In the immediate future, faculty and staff will scramble to reorganize curriculums and class schedules. Students will have to adjust to distance learning.

However, school closures due to COVID-19 will have other, less visible effects:

  • Pandemic closures will affect enrollment in higher education for at least the next year. According to an article in EdSurge, current high school students won’t be able to take college entrance exams like the ACT and the SAT like normal. USC Rossier School of Education faculty member Doug Lynch notes that this “could impact next year’s enrollments in higher ed.”
  • College students currently training to be teachers won’t be able to fulfill their in-person practicum requirements for their degree, meaning there could be a shortage of K-12 teachers in schools next year.
  • The shift in the university model from campus to online platforms is exposing weaknesses in current funding models, according to EdSurge. To survive, some campuses are overly dependent on international student tuition, which is unattainable at the moment. Schools will need to make changes to stay afloat financially.
  • Some families will begin to question whether the “college experience” is worth the cost, as they continue to pay full tuition only for students to learn from their homes.
  • During this time of entirely online learning, people will discover or look to cheaper alternatives for knowledge and training. Recent years have seen a proliferation of online courses and boot camps that cost significantly less than university tuition—some are completely free. It’s plausible that more learners will rely on alternative online courses than traditional universities to learn the skills needed to improve their job prospects in the economic downturn caused by the COVID-19 pandemic.
  • Temporary government intervention, like the extension of the Pell Grant program, could help higher education weather the crisis.

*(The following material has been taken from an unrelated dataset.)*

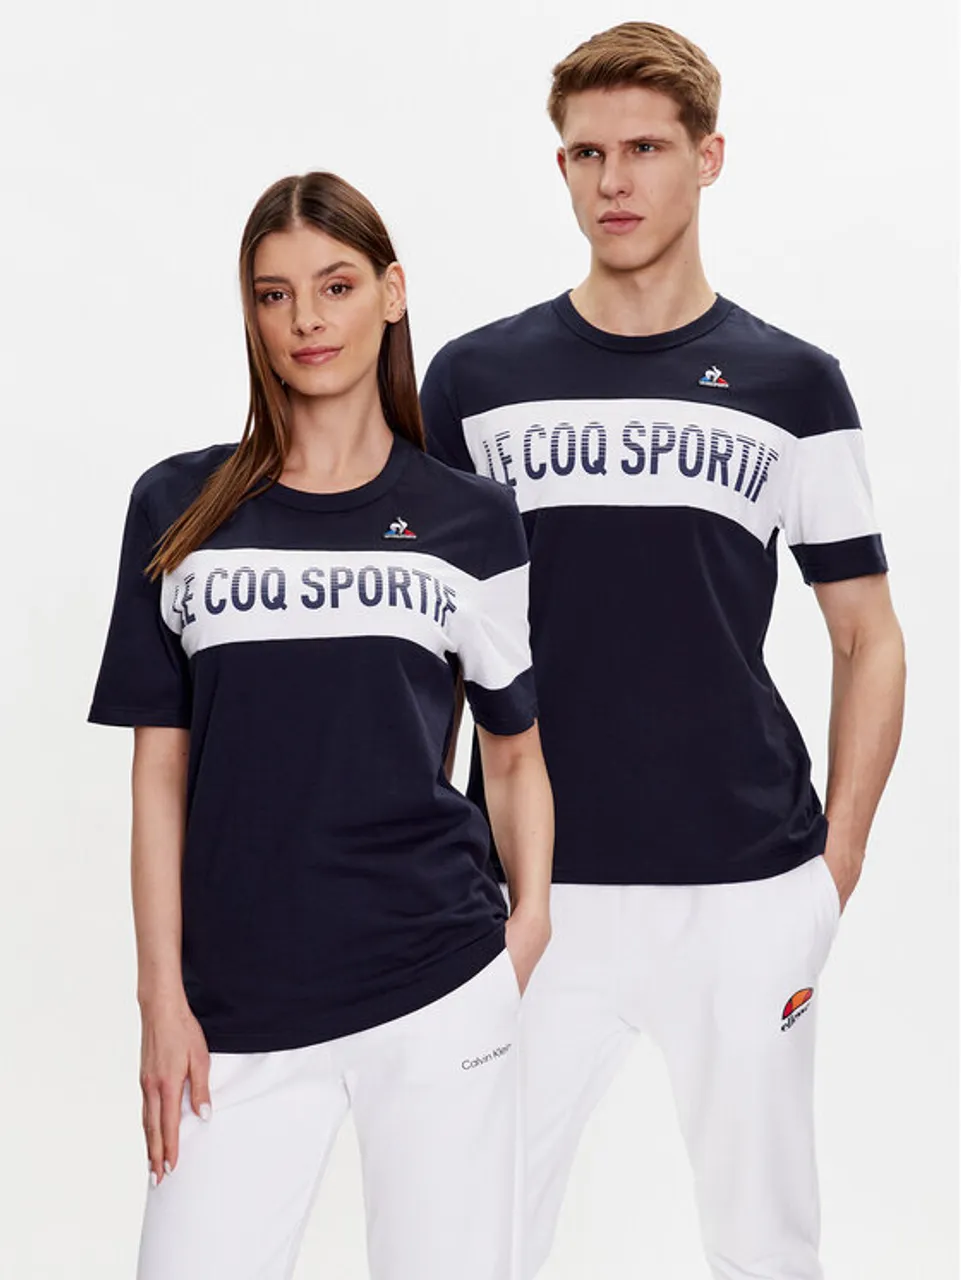 Le Coq Sportif T-Shirt Unisex 2310360 Dunkelblau Regular Fit

The highly specialized nature of health sciences makes the field more resilient to changes. Most health science students will continue to stick with traditional university courses and curricula. However, it’s more important than ever that colleges and universities adapt, and that health sciences education moves more toward online learning to maximize accessibility, flexibility, and affordability.

With online learning, educators have a variety of tools and programs at their disposal to help students of every discipline, and it’s imperative that they use them now. Adjusting and making changes to preserve health science education will ensure that the health professionals entering the workforce today will receive the training they need before they enter the field and be better equipped to deal with this kind of disaster in the future.